In the alphabet #color(red)(d)# comes before #color(red)(r)#

So #color(red)(d)#omain comes before #color(red)(r)#ange

Input comes before output

So domain#->#input#"; "#range#-># output

domain#->x in(-oo,+oo)#
range # ->y in (-oo,+oo)#

Jun 14, 2017

Domain: #x in(-infty,infty)#
Range: #y in [-8,-infty)#

Explanation:

The domain includes all the values of #x# that you can "legally" plug into the equation. If plugging in zero forced you to divide by zero or put a negative into a square root, those would be outside the domain of acceptable #x# values.

In the equation #y=-2x^2-8#, you are neither dividing by an #x# term, nor are you dealing with #x# values under a radical sign. Therefore, the domain includes all real numbers. That means you can plug in any real number you like, from #-infty# to #+infty#.

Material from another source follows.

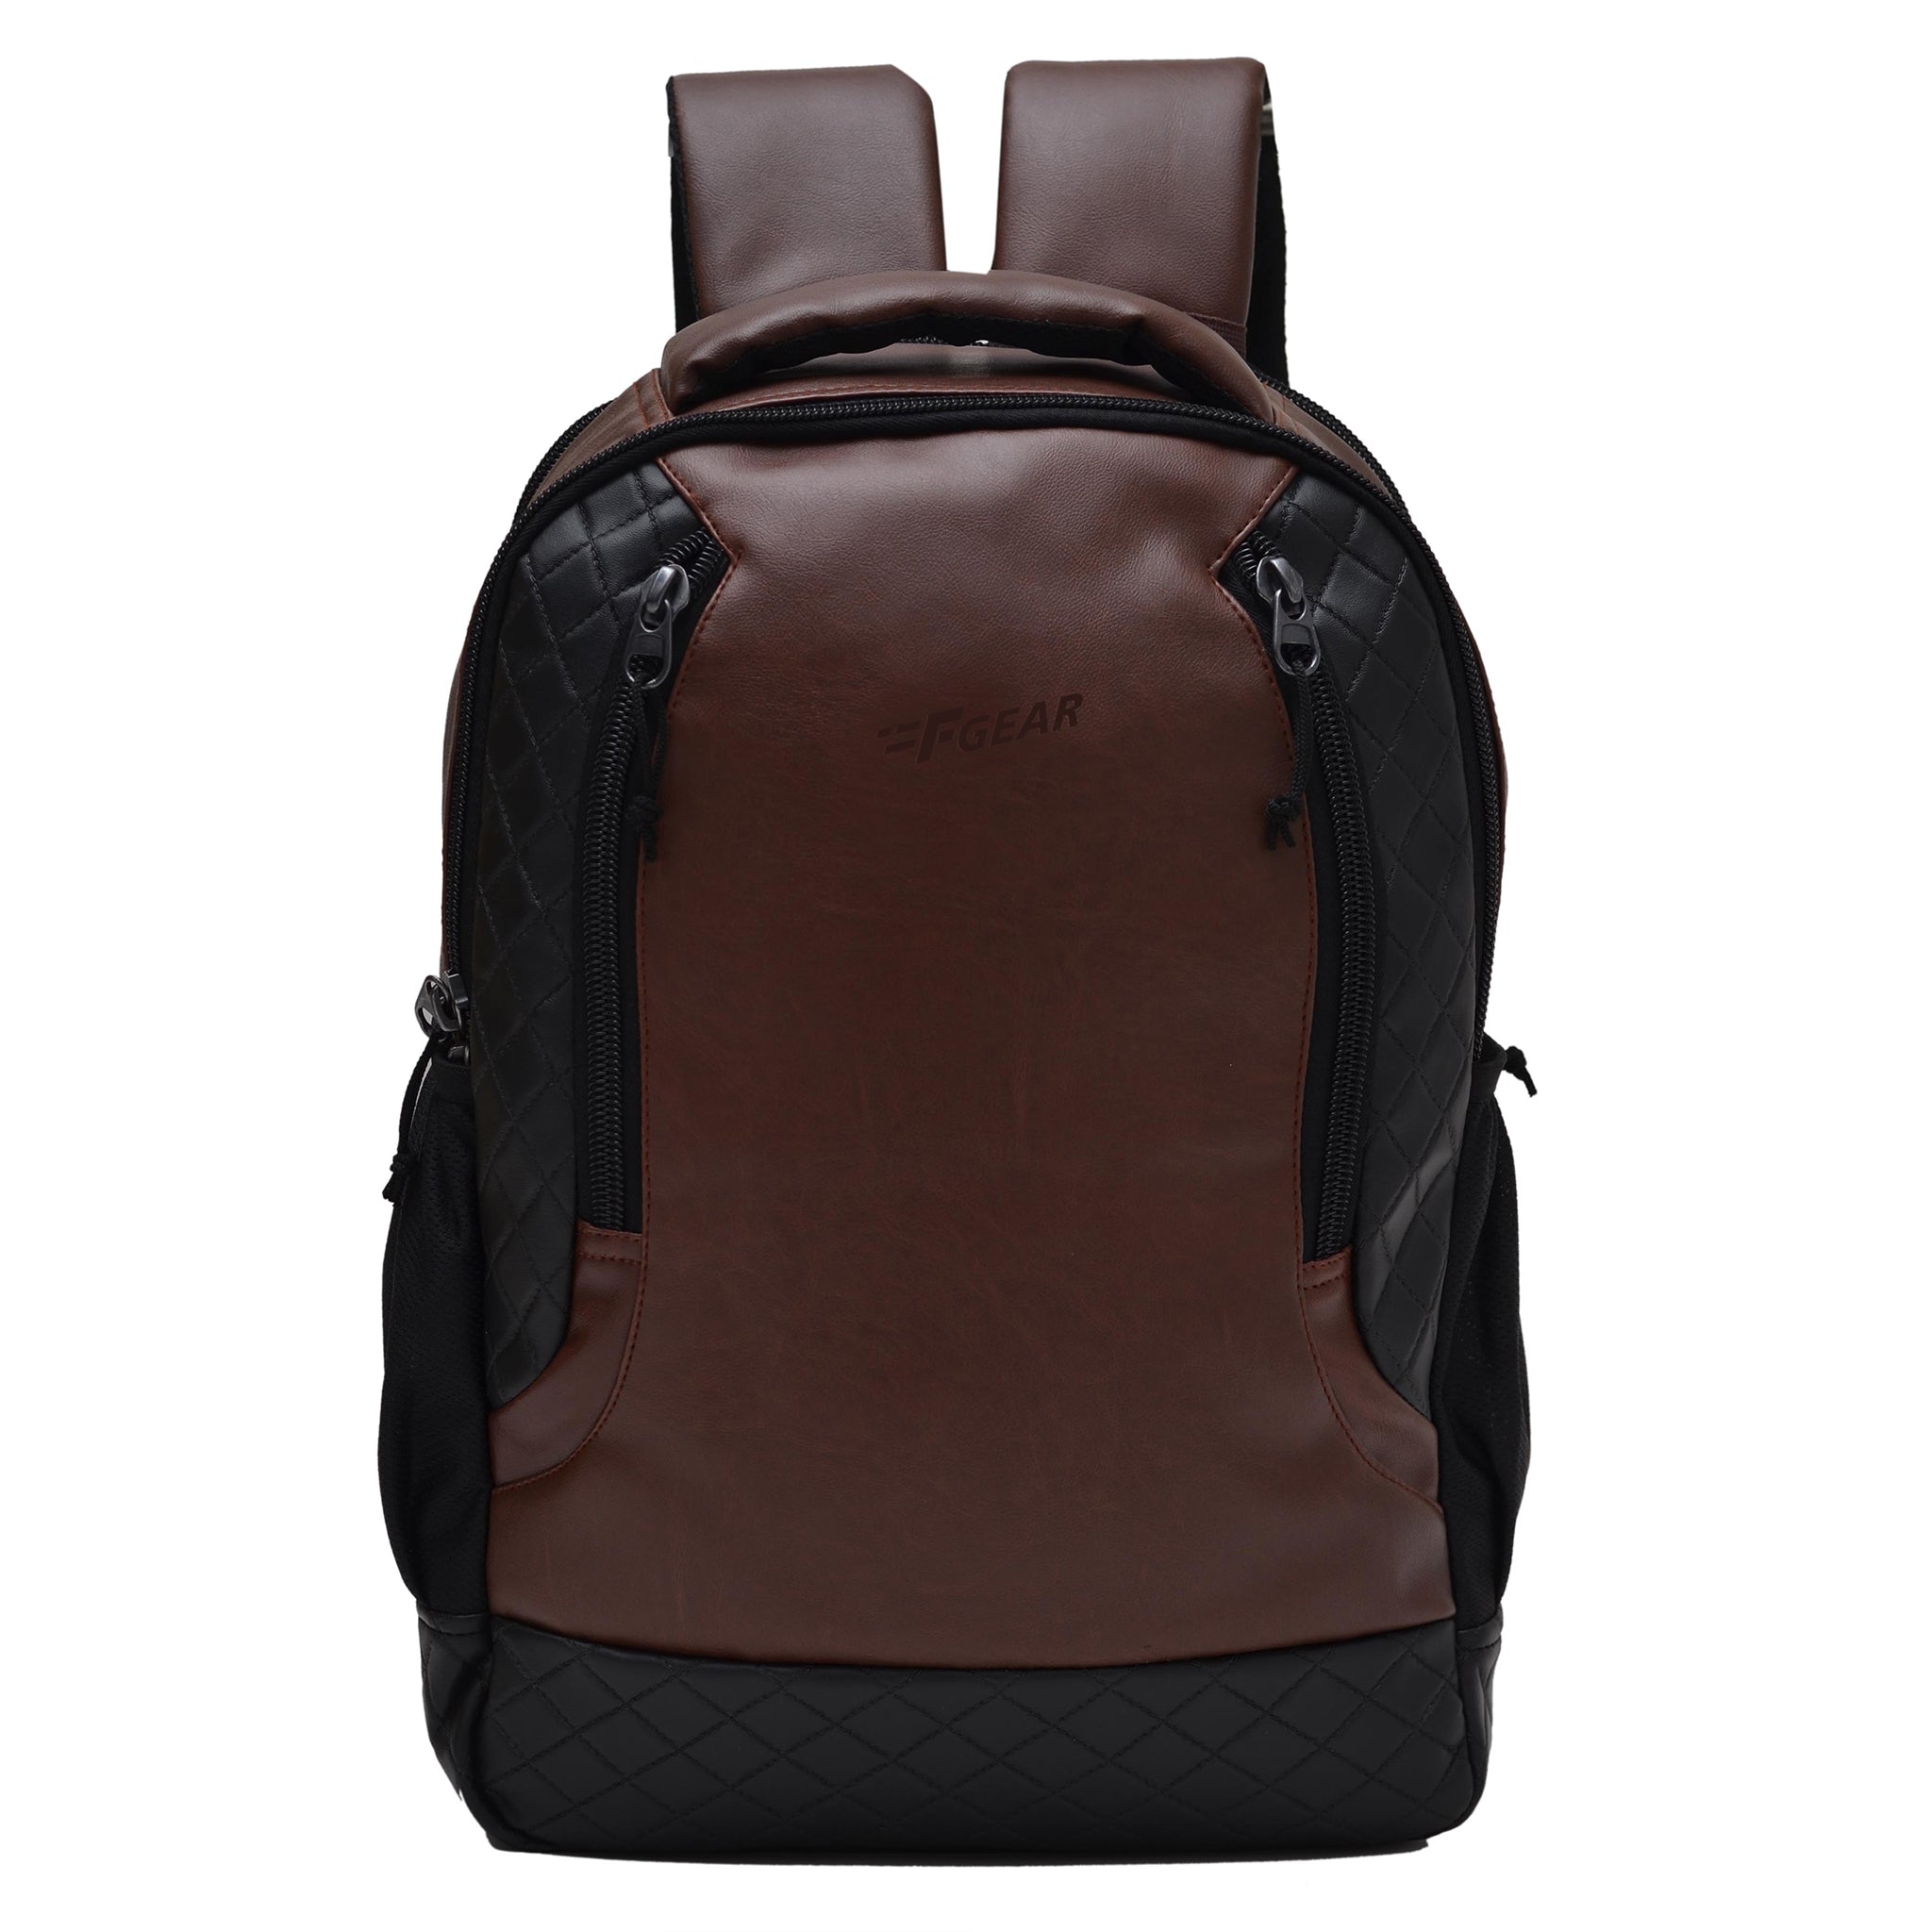 Olive Green Leather Backpack, Women Laptop Backpack, #bagsandpurses # backpack @EtsyMktgTool #leatherbackpack #laptopbackpack #travelbackpack

Domain: All real numbers, #RR#, which can be written as:

#x in(-infty,infty)#

The range is all the values of #y# that this function can produce. Because the equation is a quadratic equation, we have a parabola. That means that the maximum of the parabola is the upper bound of the equation and there is no lower bound.

The vertex will be the upper most top part of this function.

Vertex: #x=-b/(2a)=-(0)/(2(-2))=0/4=0#

Plugging #0# into the function gives #y=-8#. So the range is

Range: All values of #y# less than #-8#, or

#y in [-8,-infty)#